Discovering High Utility Episodes in Sequences
Wensheng Gan, Jerry Chun-Wei Lin, Han-Chieh Chao, Philip S. Yu

TL;DR
This paper introduces UMEpi, an efficient utility mining method for discovering high-utility episodes in complex event sequences, outperforming existing algorithms in accuracy and efficiency.
Contribution
The paper proposes a novel approach with tighter upper bounds and improved pruning strategies for high-utility episode mining in sequence data.
Findings
UMEpi accurately discovers all high-utility episodes.

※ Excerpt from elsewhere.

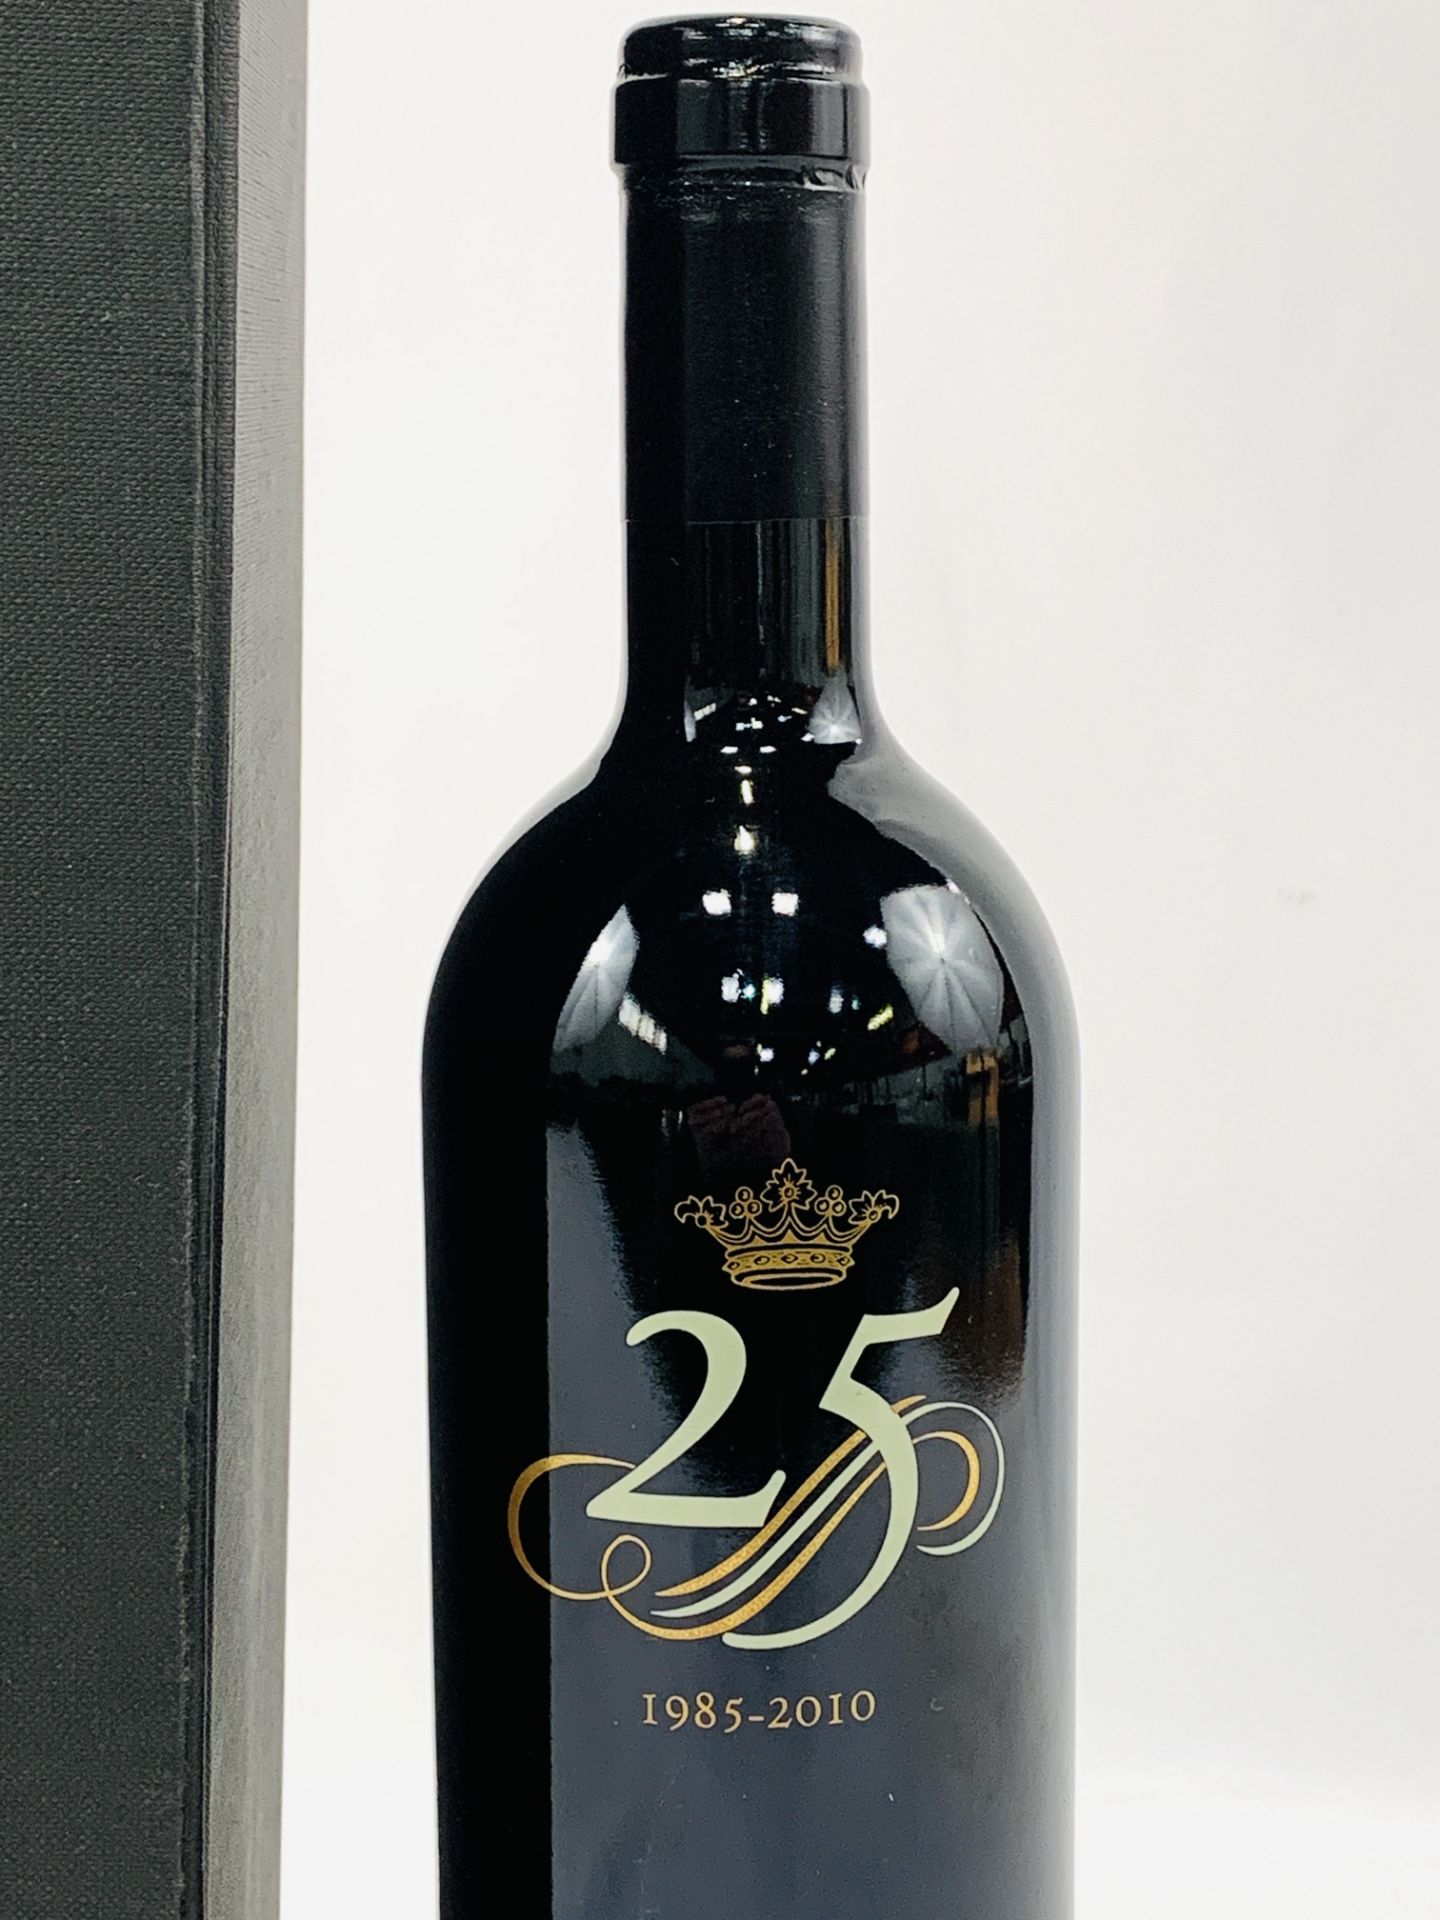 75cl bottle of 2010 Ornellaia Bolgheri Superiore - Image 3 of 4

UMEpi significantly reduces execution time and memory usage.
Experimental results outperform state-of-the-art algorithms.
Abstract
Sequence data, e.g., complex event sequence, is more commonly seen than other types of data (e.g., transaction data) in real-world applications. For the mining task from sequence data, several problems have been formulated, such as sequential pattern mining, episode mining, and sequential rule mining. As one of the fundamental problems, episode mining has often been studied. The common wisdom is that discovering frequent episodes is not useful enough. In this paper, we propose an efficient utility mining approach namely UMEpi: Utility Mining of high-utility Episodes from complex event sequence. We propose the concept of remaining utility of episode, and achieve a tighter upper bound, namely episode-weighted utilization (EWU), which will provide better pruning. Thus, the optimized EWU-based pruning strategies can achieve better improvements in mining efficiency. The search space of UMEpi…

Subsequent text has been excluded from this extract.